GOODREADS BOOK DATA

Growing up, I always loved books. My dream career was to be someone who got to read books for a living. However, I quickly realized that was perhaps an unrealistic and near impossible dream to achieve, so I pivoted to wanting to become a writer.

Although that aspiration faded over time, my love for reading never did. That is why I am fascinated by the dataset I have selected for this data analysis project.

The selected dataset has information on approximately 100,000 books from Goodreads – an online book database and social cataloguing website where users can get information on books, share reviews, and engage with other book lovers.

The original dataset has information on approximately 5,000,000 books, split into 23

excel files – with each file containing 100,000 rows of data. However, for the purpose of this analysis I have decided to work with the first file, containing data on only the first 100,000 books.

The dataset includes book information like the name of the book, number of pages, the day and year it was published, author, publisher, number of reviews on Goodreads, and the rating the book currently has on Goodreads. The book rating is determined by users on Goodreads who have read the book and are able to rate it based on their preferences, on a scale from 1 – 5. The rating system has been adjusted in the last few years to account for fairness and relevancy; Any ratings that feature comments that are irrelevant or off-topic to the book are deleted and do not contribute to the overall rating displayed on Goodreads.
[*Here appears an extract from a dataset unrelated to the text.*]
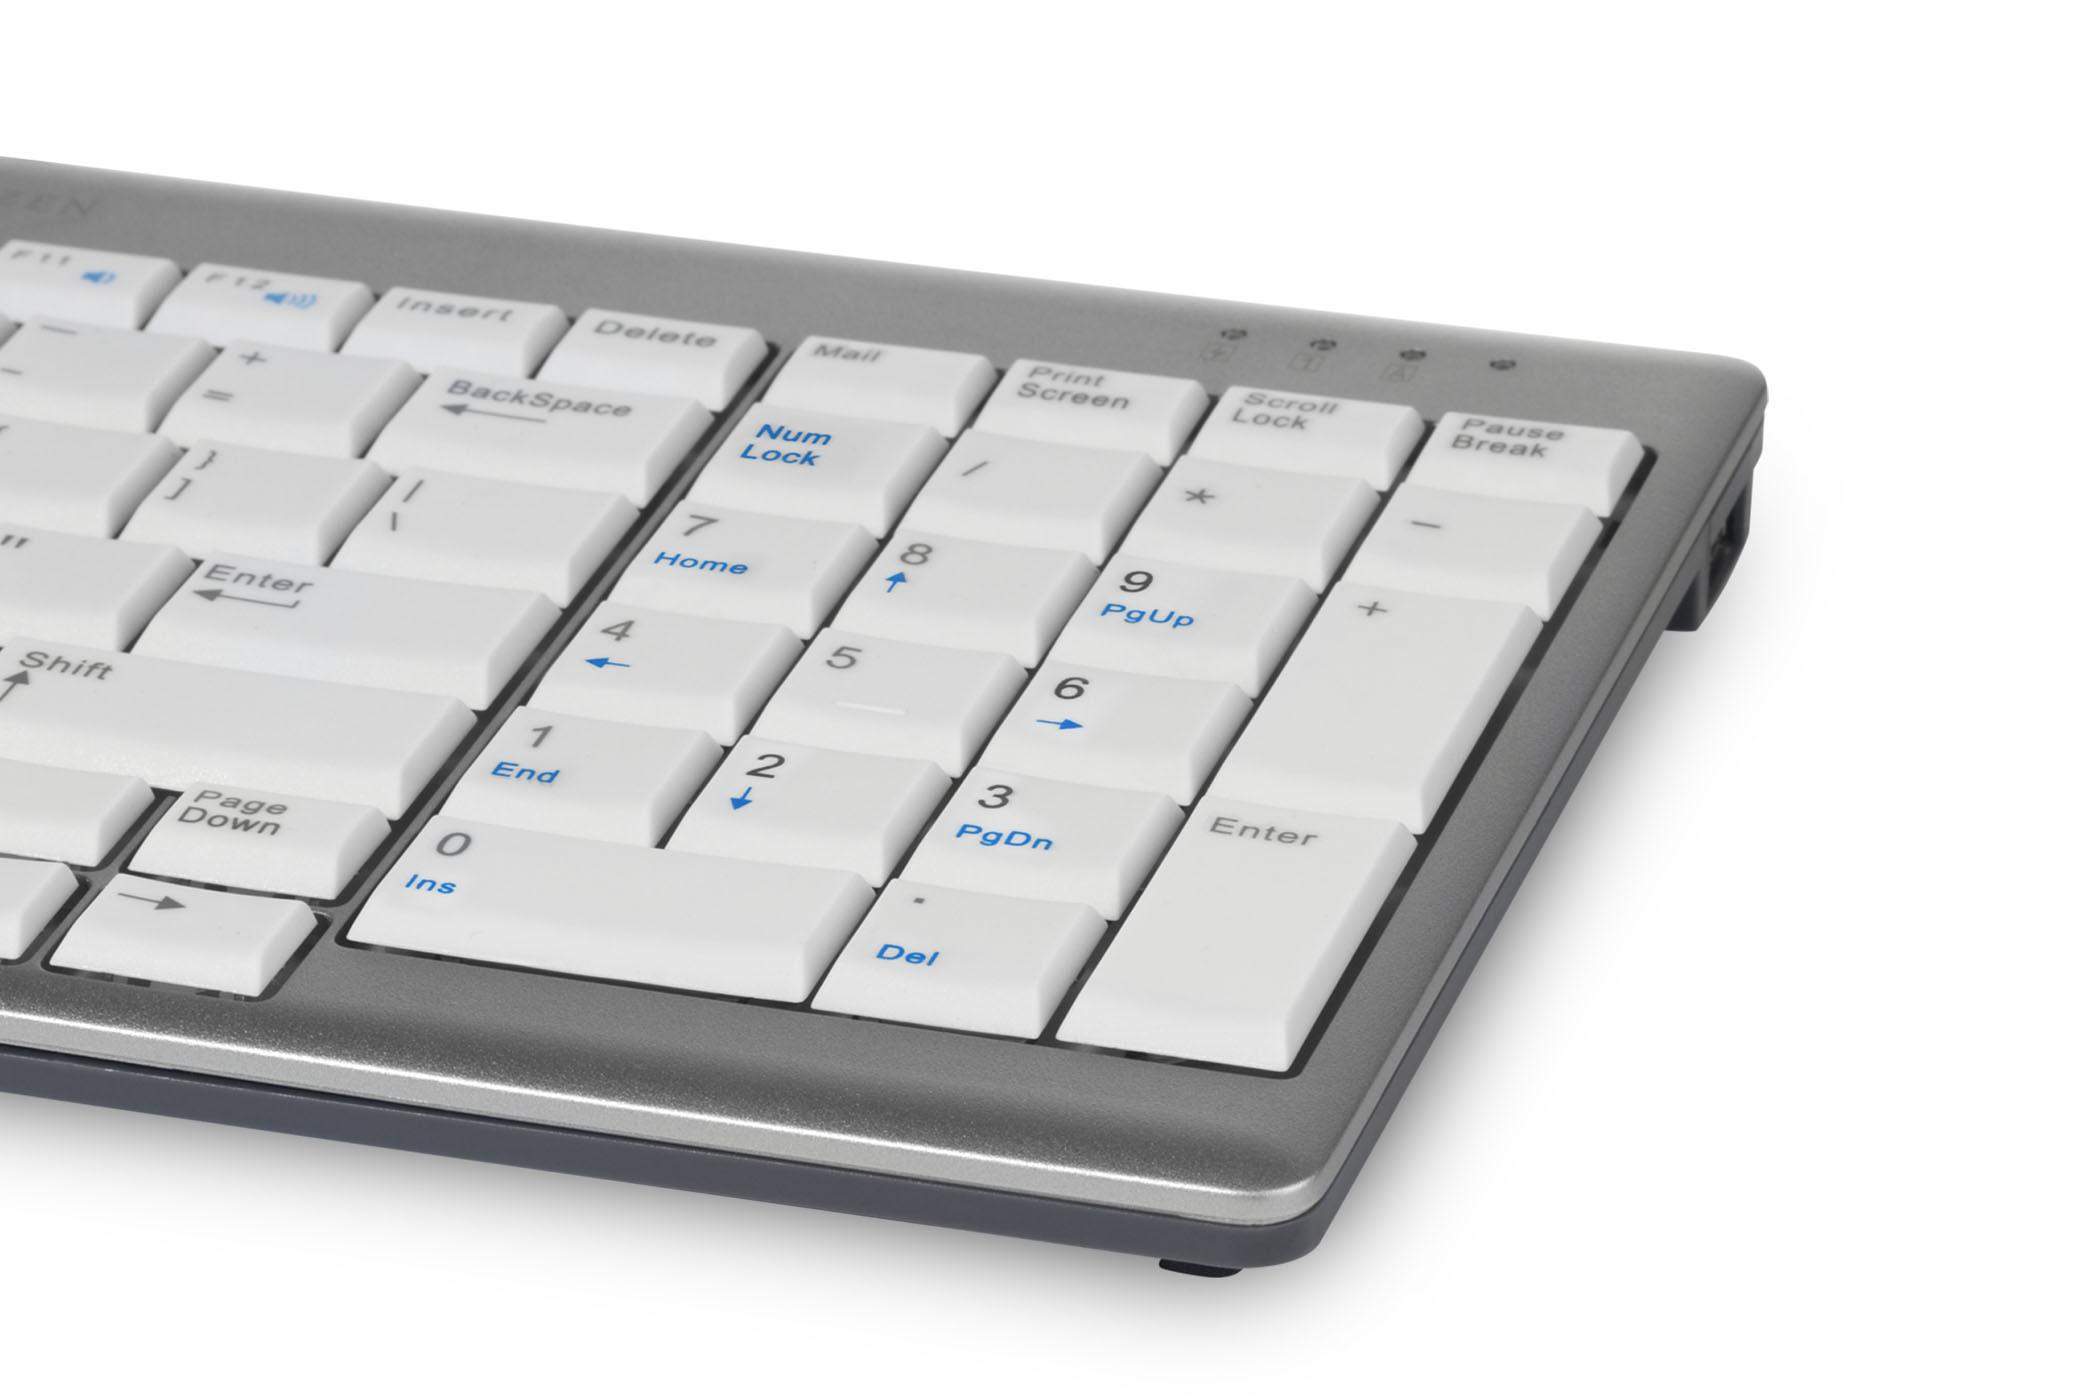 Clavier ergonomique UltraBoard 960 Standard Compact Keyboard-[product_reference]-Betterwork - Solutions ergonomiques - Télétrava
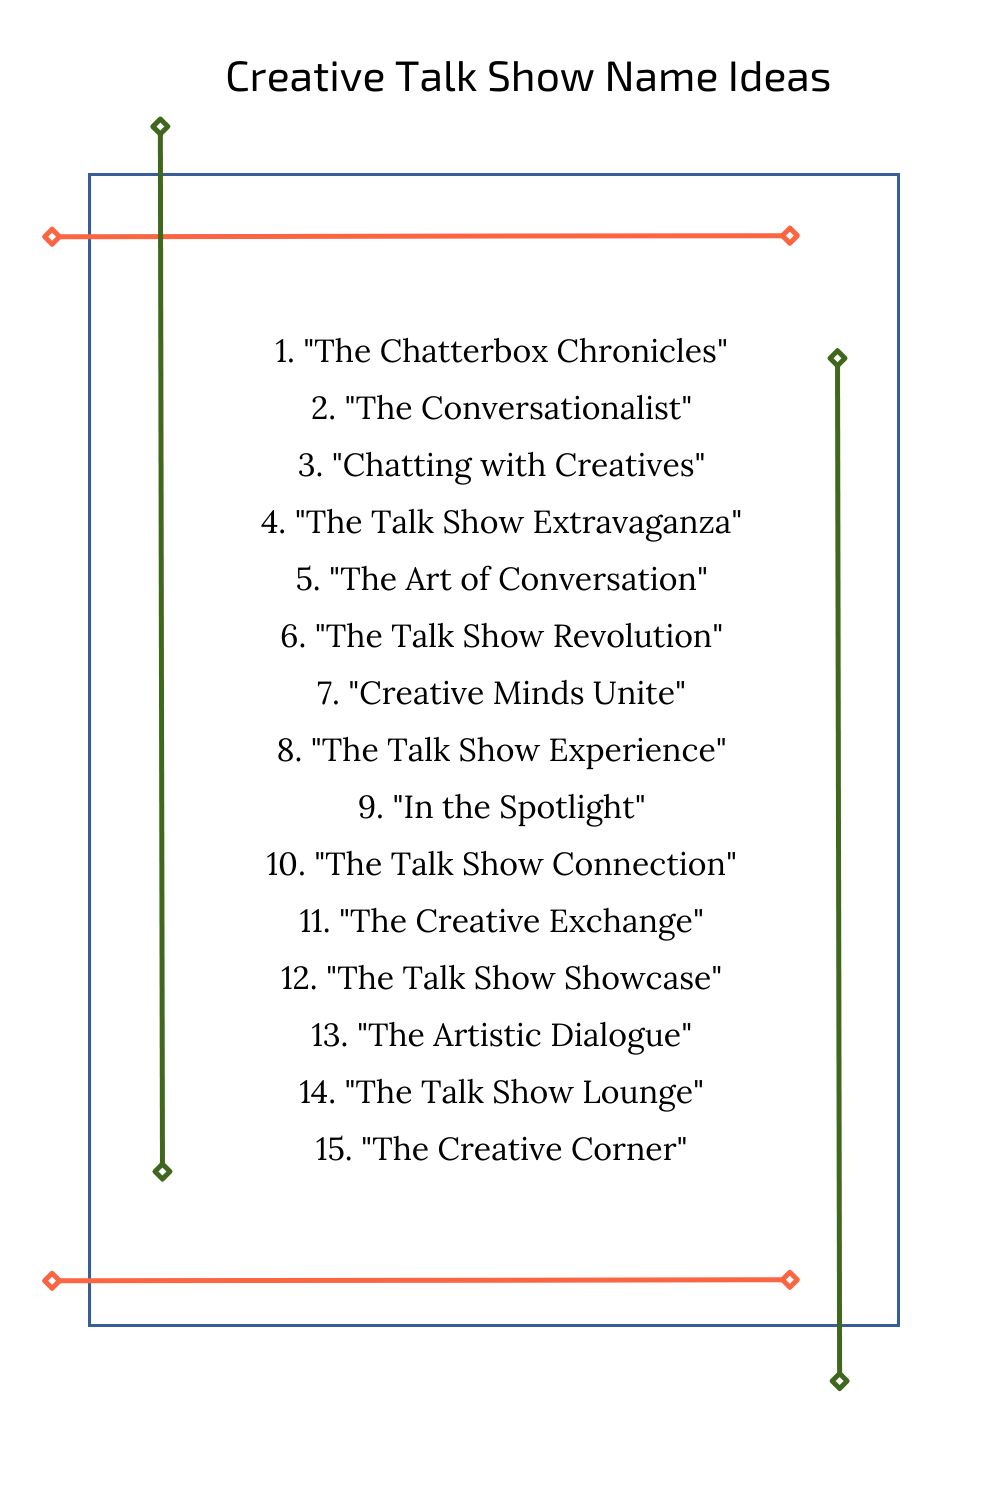 Creative Talk Show Name Ideas

My goal with this dataset was to analyze the relationship between various variables regarding book data. I did not have many hypotheses as to which variables may be related, whether through correlation or causation, however, I was curious as to how some variables may affect others.

Some of the variables of interest within this dataset were – Number of Pages, Counts of Reviews, Publish Year, Publisher, Author, and Rating. More specifically, my goal with this dataset was to see which variables affect the rating of a book. The variables included in this dataset are quite interesting and I am curious to see whether any variables influence ratings.

Through analyses on R and excel, I have analyzed the various relationships within the dataset and have presented my findings in this report.